September 15, 2005 at 6:30 am
SELECT TOP 1 *
FROM MSDB.DBO.backupmediafamily
ORDER BY media_set_id DESC
that will give you the last backup that was carried out, i'm sure you can change it a bit to work out just the filename, or failing that have a look at the other backup tables in the db, it might already be there (too busy to check).
Hope this helps
September 15, 2005 at 8:09 am
Hi Mike,
thanks for that information. If I feed the file-path into xp_cmdshell to xcopy the file onto the backup server I can have the server restore it to the database there.
Now i wonder how you execute a job step on another server? I think you have to use RPC...
David
If it ain't broke, don't fix it...
September 16, 2005 at 1:55 am
The better solution in my opinion is to create two procs - one on primary server and second on the standby. The first one performs backup and as a last step calls the proc on standby with a backup file name as a parameter. The proc on standby in turn performs the restore. Thus you avoid potential problems with backup names. You must set up the standby server as a linked server on primary in order to call remote stored procedure. As to file location you can either create a share that is accessible by both servers or you can copy backup to standby as you suggested (as a step in the primary proc).

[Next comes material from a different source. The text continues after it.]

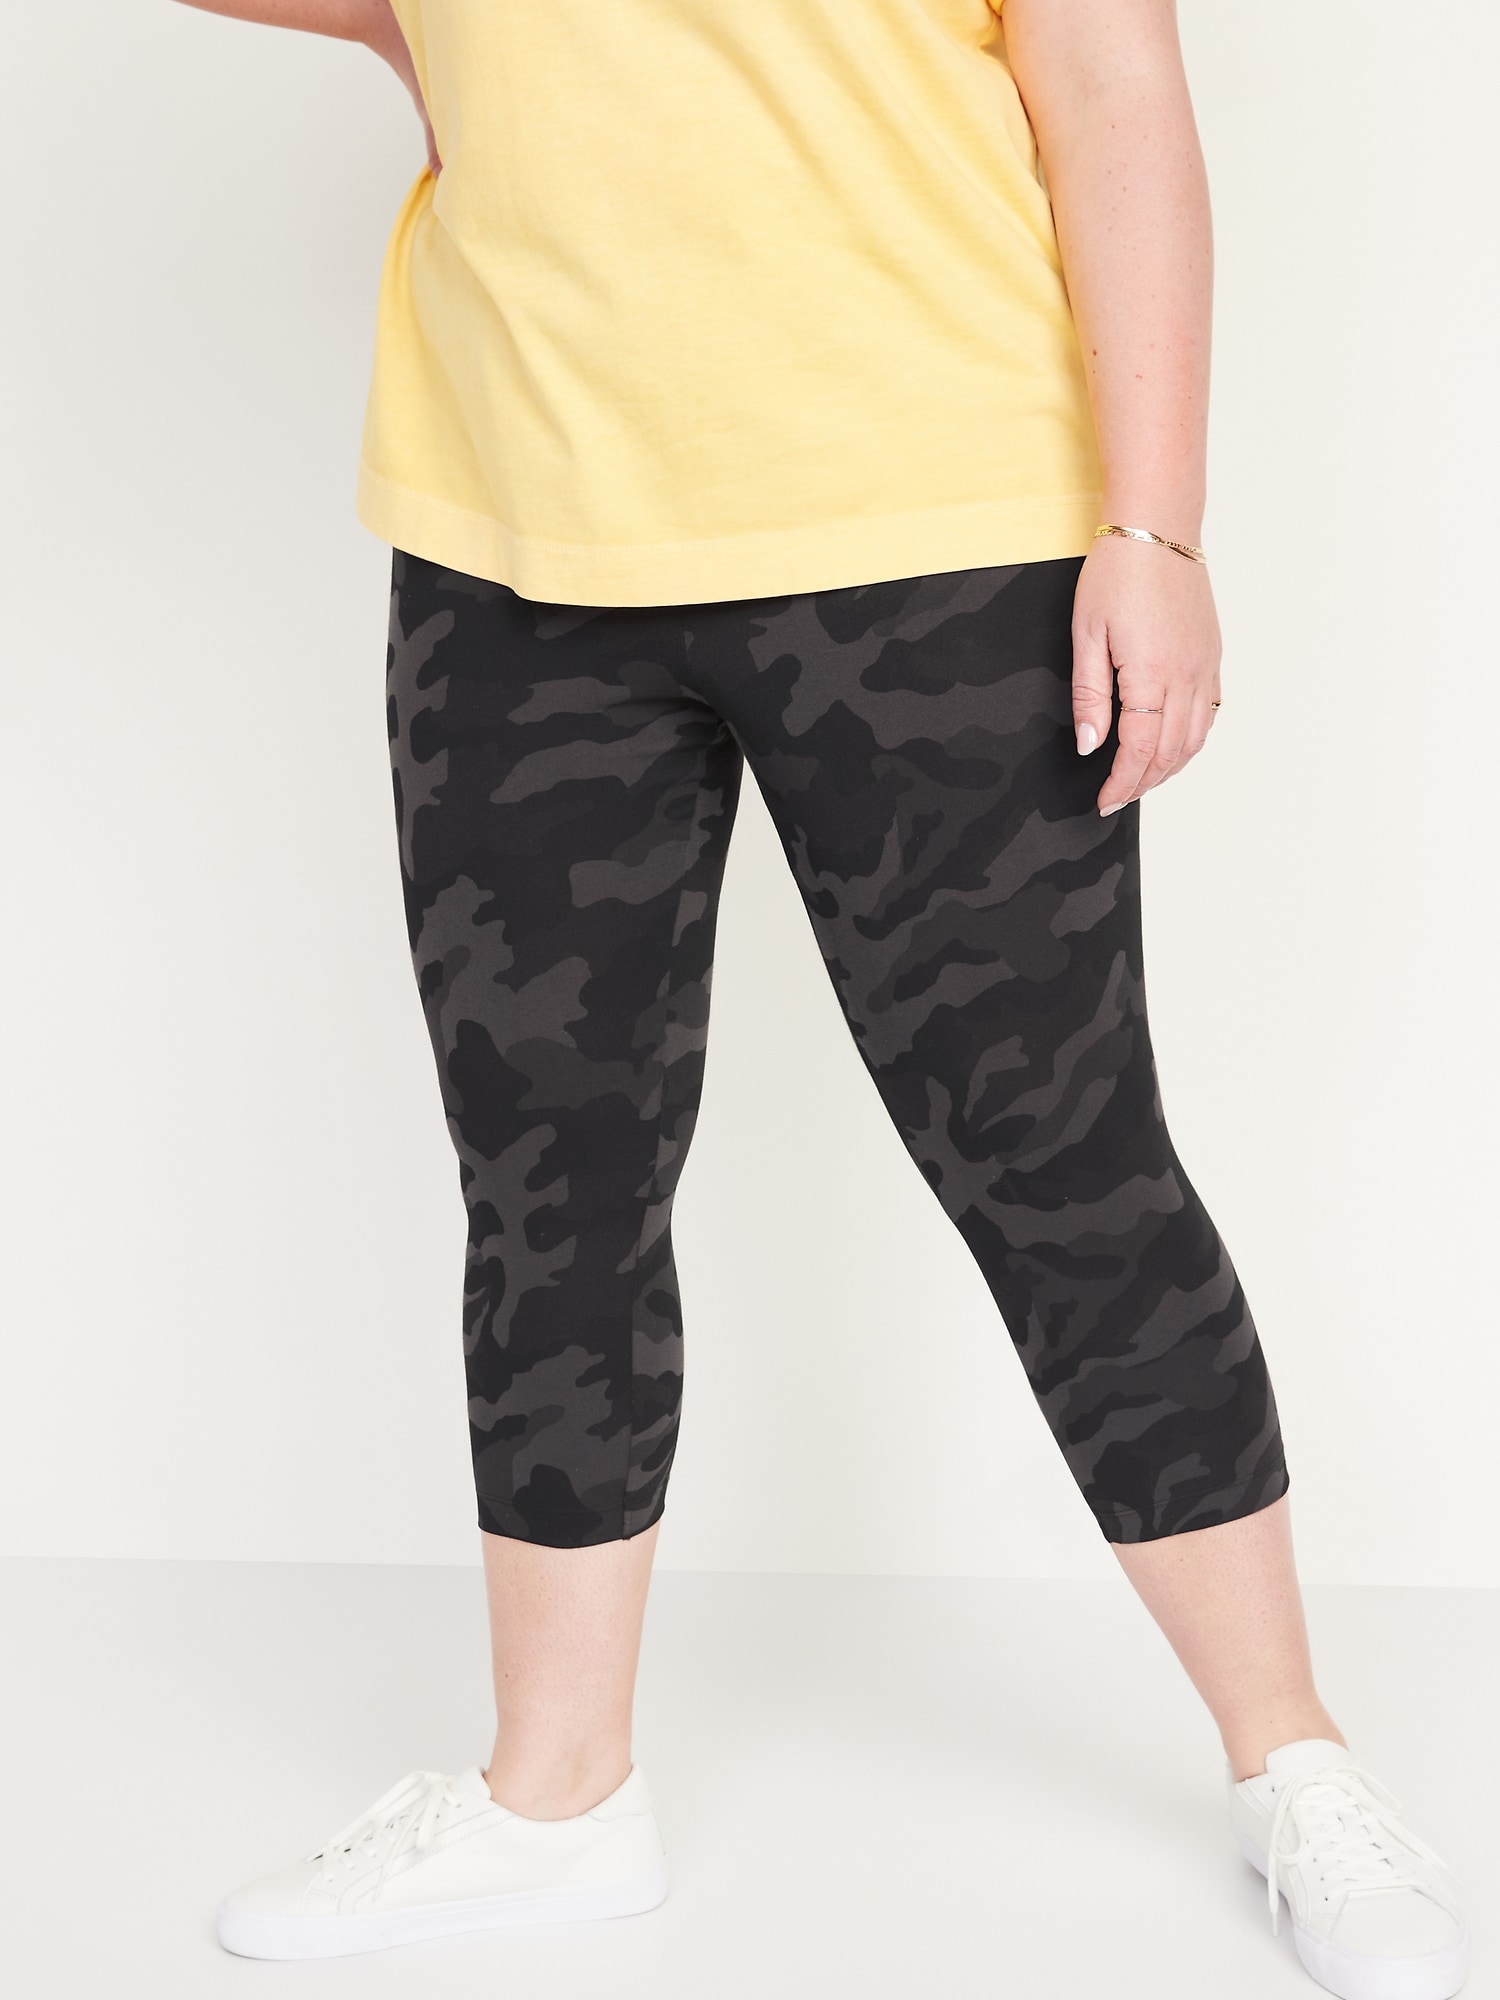 High-Waisted Printed Cropped Leggings For Women

September 16, 2005 at 2:24 am
Hi Martin,
Thanks for your suggestion. I was thinking about writing the filenames to a table on the backup server, and having the backup server process the contents of that table in order at scheduled intervals. Even better, I had thought, would be to somehow recognise the files in a directory and get SQL Server to process them in order. It must be possible to do this, I am sure I have seen requests for help with loading data files that require this solution.
I realise however that this falls into the category of 'fire and forget' which has been discussed recently in this forum, and that I would be better to follow your suggestion and keep control of the entire process in one place.
I have found that creating a share on the backup server with appropriate permissions for the SQL Server/SQL Agent account, and mapping a drive to it from the primary server gives xp_cmdshell the appropriate filepaths to perform the xcopy.
I have linked the two servers, so I am going to try creating an appropriate procedure for the backup server (in a different database , master maybe) and pass the filename as a parameter
David
If it ain't broke, don't fix it...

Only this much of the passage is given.